English Premier League Title is it only for Manchester United Chelsea and Arsenal
So Chelsea won the English Premier League title on the last day with the fight eventually coming down between Manchester United and the London Blues, that would not have taken a soothsayer to predict would it?
It has been 15 years since anybody other than these two and Arsenal have won the league and if you throw the one off by Rovers in 1995, the stat would look like 19 years and only 4 teams have won it, is that worth of being called a competition?
If there ever was a chance of piping the usual suspects off their perch it was this year with all three of them having patchy forms, far from their usual best and dropping too many points, but nobody else ever had a chance, none came even close enough. Should Spurs and City be congratulated for finishing where they did? No way! They both have spent over 150 million quid to strengthen their squads and yet never even came close to a challenge for the title.
Why would a team like Aston Villa be happy to finish sixth after their loyal owner injected over 138 million pound in the squad? Why has City with all their new found riches came close to challenge for the title? Why did Liverpool not surmount a sustainable challenge? It’s all really baffling.
How much more money would it take for someone to at least come within a point or two of the title?
Perhaps the problem is with the new generation that has grown up with that being the norm. The same teams winning the trophy year after year, the same teams challenging for the title year after year. So much so that it has become an institutionalized mentality.

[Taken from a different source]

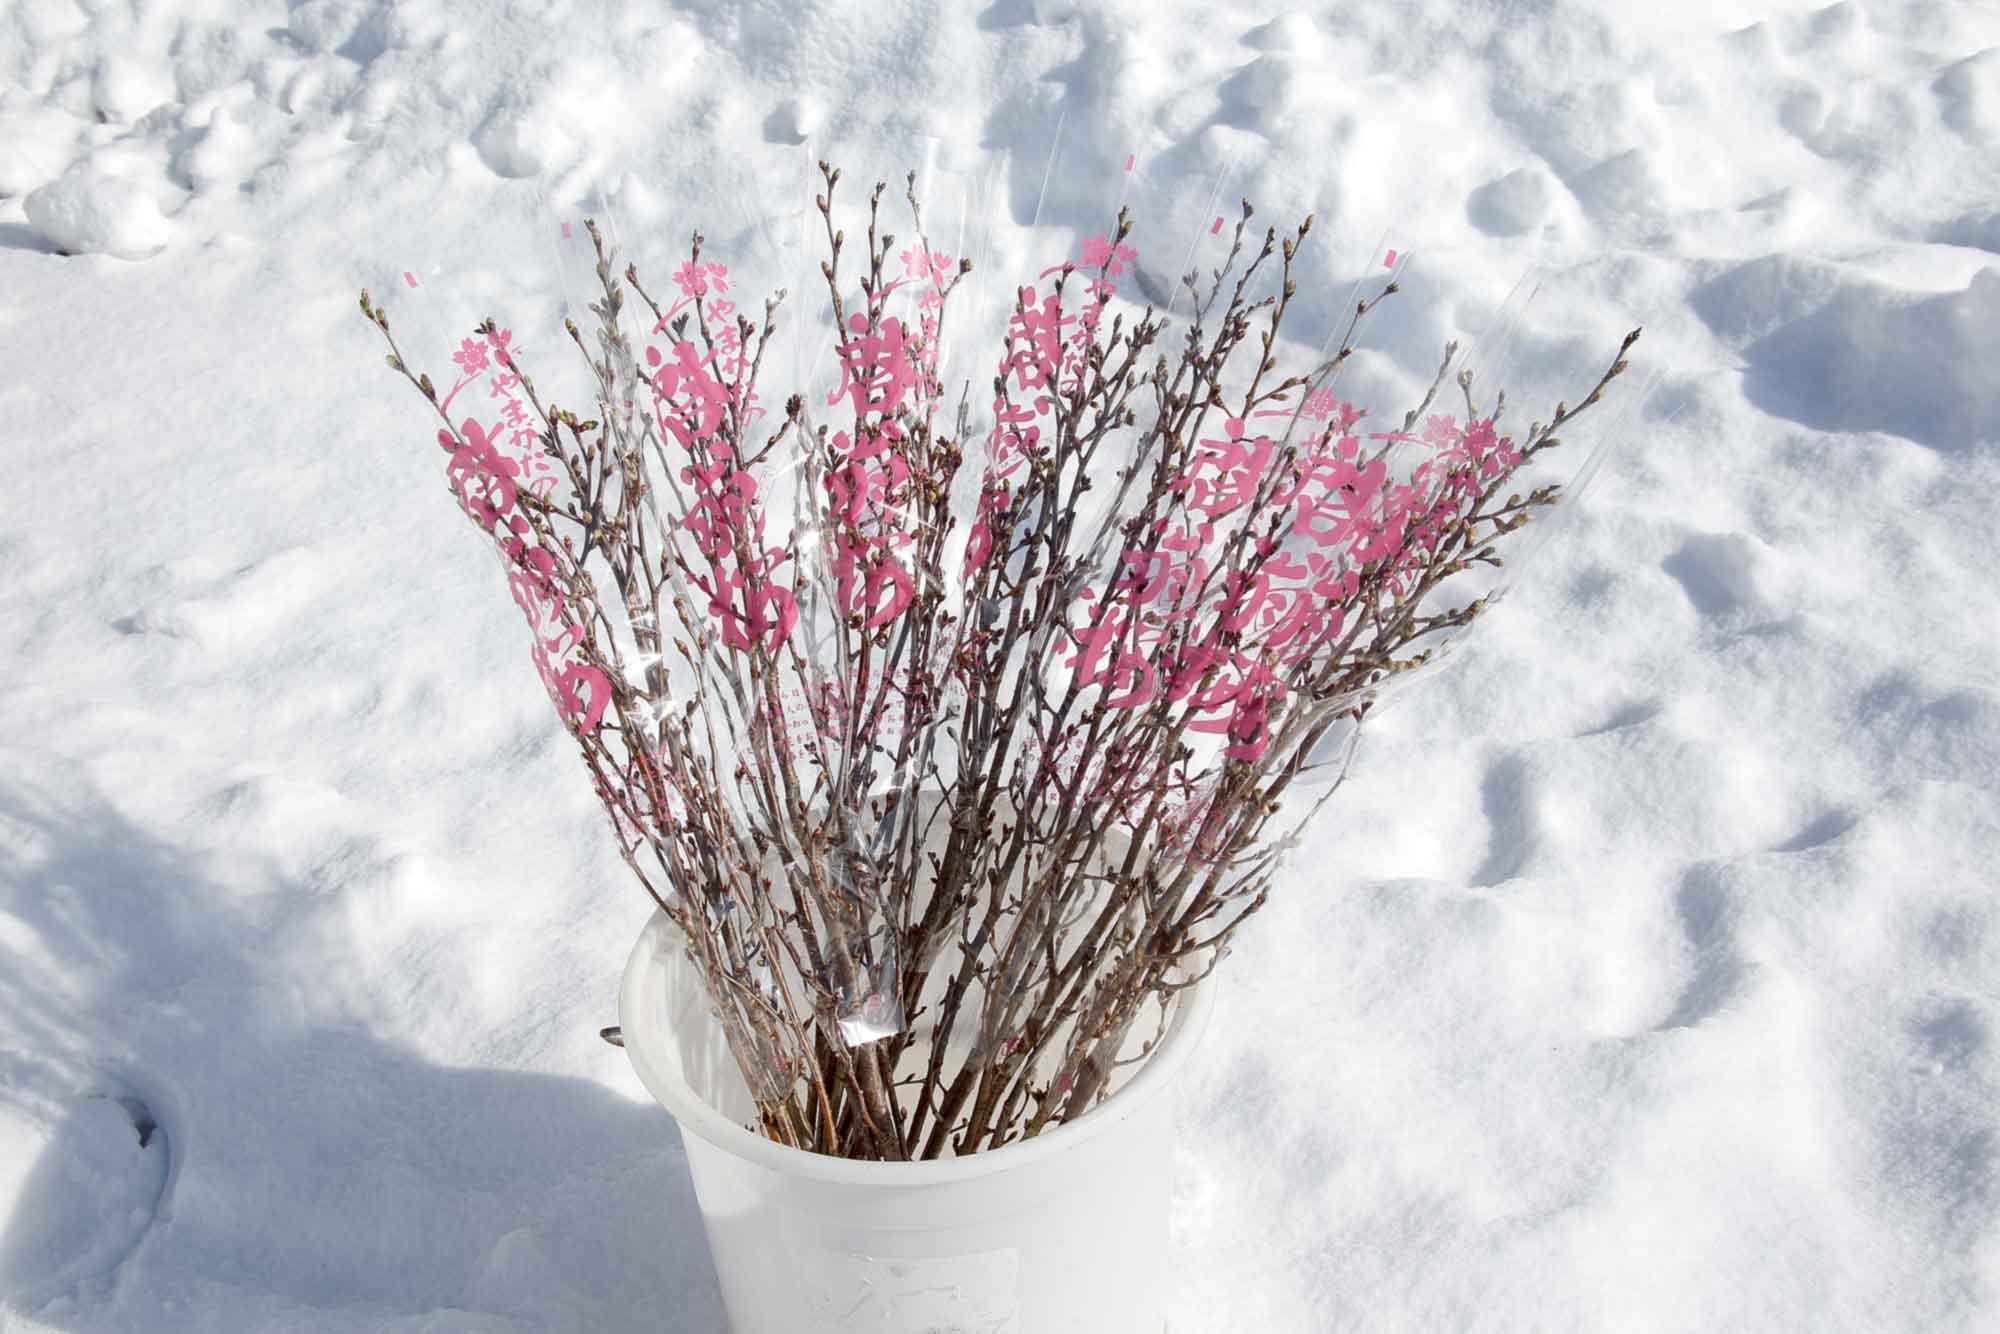 山形県アンテナショップおいしい山形 素材を訪ねて|啓翁桜:                 啓翁桜はつぼみの状態で出荷され、届いた人の手元で満開を迎えます。

In the same period just across the border in France and Germany 7 different teams have won the league while in Italy and Spain the trophy has rotated among 5 different teams, though the constriction is not just confined to the Ol’ Blighty it is much worse here. But more importantly and even more so refreshingly the trend is changing, at least in some countries.
Last year an un-fancied FC Twente won the Dutch Eredivise under the tutelage of Steve Mclaren, which is just like Sunderland or Birmingham winning the Premier League. In Germany a season ago Wolfsburg claimed a shock Bundes Liga title and this year only in France Marseille won the league for the first time since 1992.
It is not that the fate of the title is as predictable as sunrise: it’s that the challengers follow the same trend. In 1980s only Villa, Liverpool and Arsenal won the league but if you look at the teams that finished second and third you see it for yourself. Nottingham Forest, Ipswich, Villa, Southampton, Everton, Man Utd, Spurs, Liverpool, Watford, Arsenal, and West Ham were those teams that qualified for Europe in the 80s and the mix is quite diverse.
Since Blackburn won the league back in 1995 the teams finishing in the top has been United, Chelsea, Liverpool and Arsenal for three times, Newcastle and Leeds just once. That is 45 positions over a span of 15 years and only 6 teams. Is that worthy of being called a competition? To me it seems like it’s getting lesser of a competition with every passing year and becoming more like a cartel.